Toutefois, en 1812, Napoléon n’est plus le petit despote corse qui ébranle les monarchies d’Europe : il est le commandant d’une armée redoutable qui menace l’intégrité de leur monarchie. Cet aspect n’est sans doute pas négligeable, mais pour Tolstoï, il ne s’agit visiblement pas du moteur de changement le plus considérable. Ce qui motive alors principalement la terreur et la haine chez ses protagonistes serait la potentialité d’une mise à mal de l’intégrité de leur patrimoine personnel, celle de leur demeure, de leurs biens, de leur famille et celle de leurs relations (Tolstoï, 1869; Tolstoï, 1893). À partir de cette vision des choses, la sauvegarde d’un système abstrait (ordre politique) fait beaucoup moins sa marque dans les esprits que la mise en danger d’acquis concrets, tangibles, immédiats. Ce serait pour cette même raison que les Russes qui peuplent le roman sont plus enclins à être sensibles aux appels à la défense de la Patrie plutôt qu’à celle de leurs alliés : au concept de Nation s’agrège le jardin derrière chez soi, un bâtiment qui fut le théâtre de souvenirs de jeunesse, une situation sociale, des amitiés, bref, la Vie des gens concernés (Tolstoï, 1893).

L’ennemi aux portes

Pour l’auteur, Napoléon n’est en aucun cas responsable de tous les faits et gestes des hommes qu’il commande. Il le présente plutôt comme un être parfaitement imbu de lui-même, convaincu de l’infaillibilité de son jugement, de la sincérité des marques d’adoration qu’on lui porte et de sa maitrise absolu sur le cours des événements.
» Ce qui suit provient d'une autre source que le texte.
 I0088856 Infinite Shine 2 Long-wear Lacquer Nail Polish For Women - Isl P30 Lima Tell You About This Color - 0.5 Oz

Bien sûr, Tolstoï estime que l’Empereur de France a tort d’entretenir de tels fantasmes, jugeant que ce dernier n’est qu’un pion de l’Histoire, fatalement destiné à jouer le rôle qui lui incombait, des balbutiements de son ascension à sa chute (Tolstoï, 1869).
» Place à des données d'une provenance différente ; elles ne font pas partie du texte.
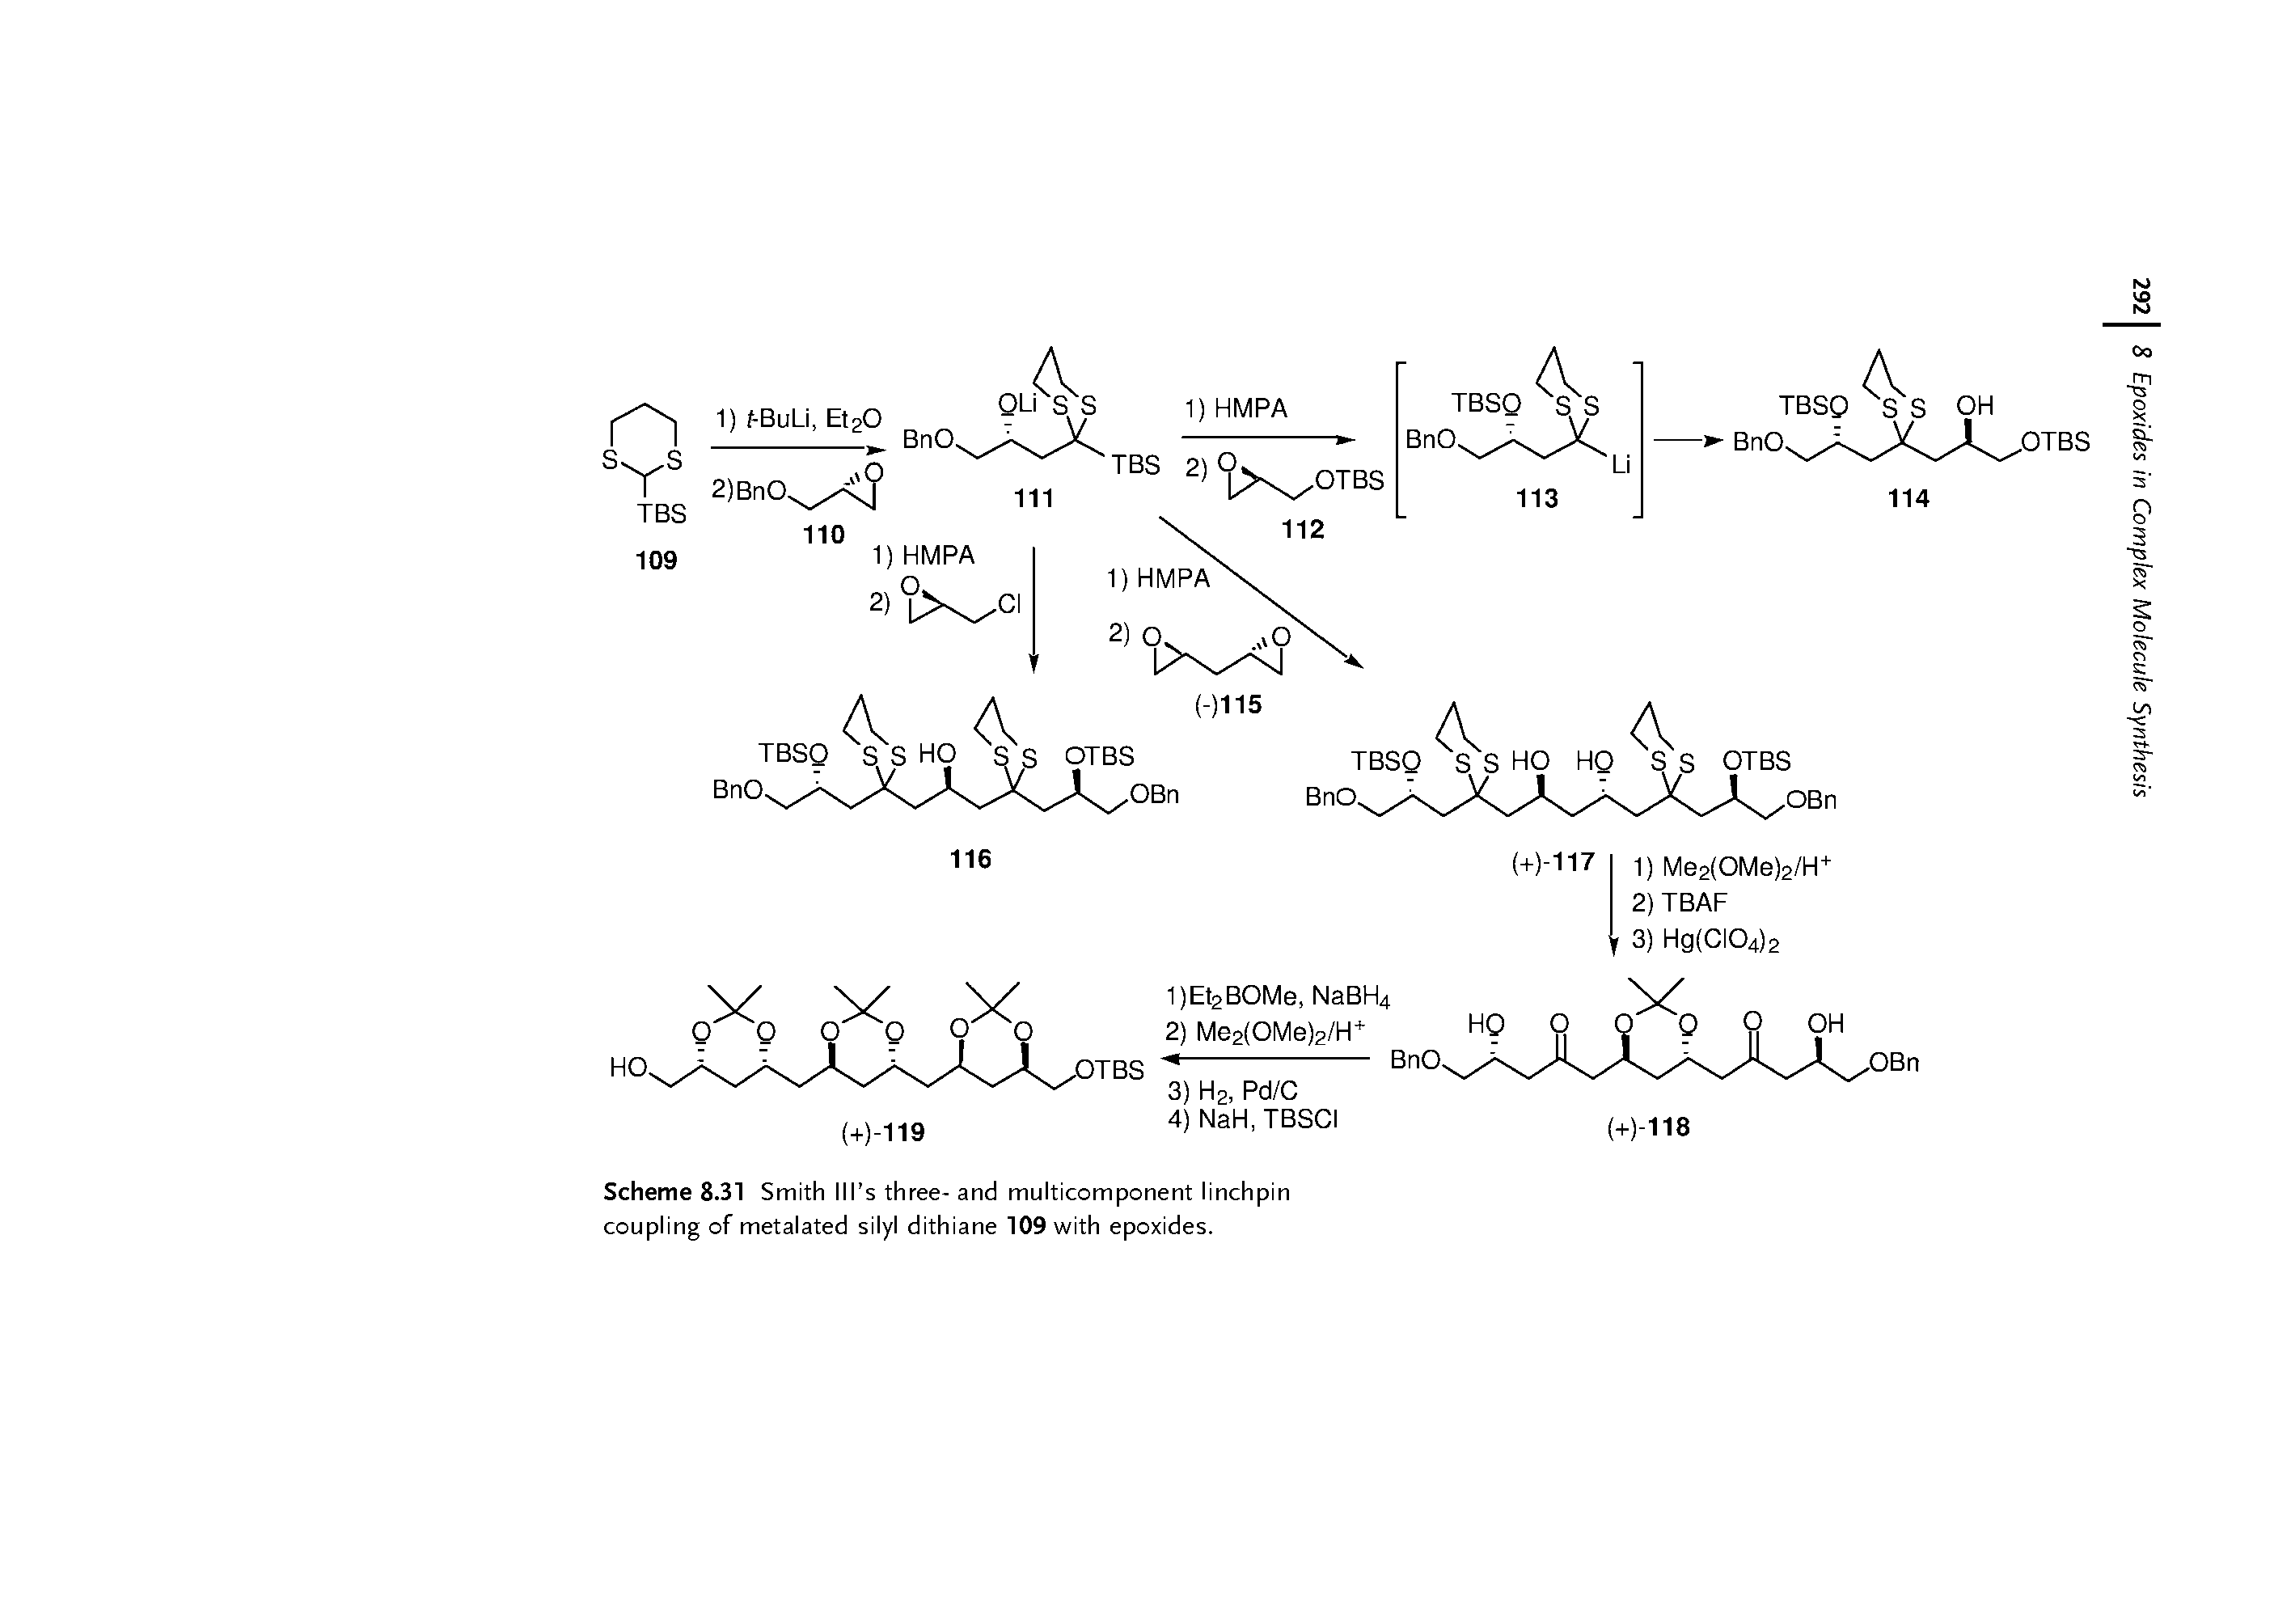 Scheme 8.31 Smith Ill s three- and multicomponent linchpin coupling of metalated silyl dithiane 109 with epoxides.

Ce type de détachement n’est cependant pas observable chez une écrasante majorité des personnages. Ceux-ci sont généralement convaincus que derrière chaque action commise par un élément de la France impériale se cache une manœuvre habile ayant pour impulsion le génie (à ce stade maléfique) de Napoléon. C’est dans ce terreau que peut se développer une essentialisation fondamentalement erronée, exacerbée par des facultés cognitives limitées intrinsèques à tous les êtres humains (Lakoff, 1987). Bien qu’il soit ici question de personnages fictifs (techniquement, nous pensons qu’il soit aussi juste de qualifier, jusqu’à un certain point, les personnages historiques que l’on retrouve dans La guerre et la paix de fictifs), nous estimons que Tolstoï a très bien su isoler puis exploiter cette faiblesse humaine, exposant du même coup le danger d’entretenir ce type de préjugé.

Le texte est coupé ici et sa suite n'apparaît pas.